Another very common application of lambda is to define inline callback functions for Python’s tkinter GUI API (this module is named Tkinter in Python 2.X). For example, the following creates a button that prints a message on the console when pressed, assuming tkinter is available on your computer (it is by default on Windows, Mac, Linux, and other OSs):

import sys

from tkinter import Button, mainloop # Tkinter in 2.X

x = Button(

text='Press me',

command=(lambda:sys.stdout.write('Spam\n'))) # 3.X: print()

x.pack()

mainloop() # This may be optional in console mode

Here, we register the callback handler by passing a function generated with a lambda to the command keyword argument. The advantage of lambda over def here is that the code that handles a button press is right here, embedded in the button-creation call.

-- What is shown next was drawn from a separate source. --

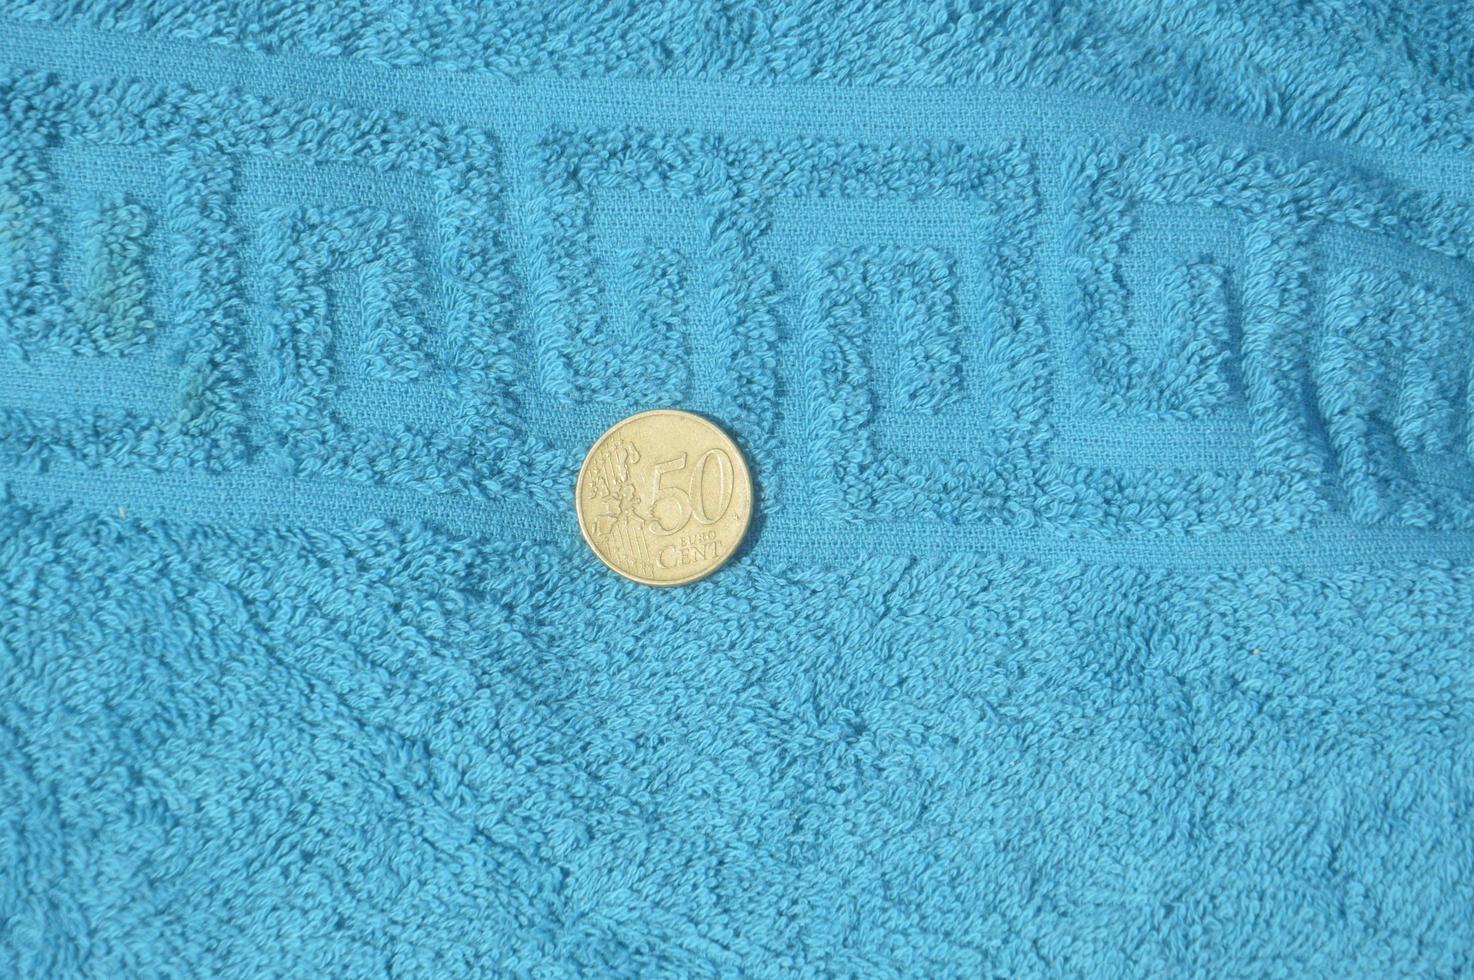 Pièce en dénomination de 50 centimes d'euro sur la côte égéenne sur l'île de Rhodes en Grèce photo

In effect, the lambda defers execution of the handler until the event occurs: the write call happens on button presses, not when the button is created, and effectively “knows” the string it should write when the event occurs.

Because the nested function scope rules apply to lambdas as well, they are also easier to use as callback handlers, as of Python 2.2—they automatically see names in the functions in which they are coded and no longer require passed-in defaults in most cases. This is especially handy for accessing the special self instance argument that is a local variable in enclosing class method functions (more on classes in Part VI):

class MyGui:

def makewidgets(self):

Button(command=(lambda: self.onPress("spam")))

def onPress(self, message):

...use message...

In early versions of Python, even self had to be passed in to a lambda with defaults. As we’ll see later, class objects with __call__ and bound methods often serve in callback roles too—watch for coverage of these in Chapter 30 and Chapter 31.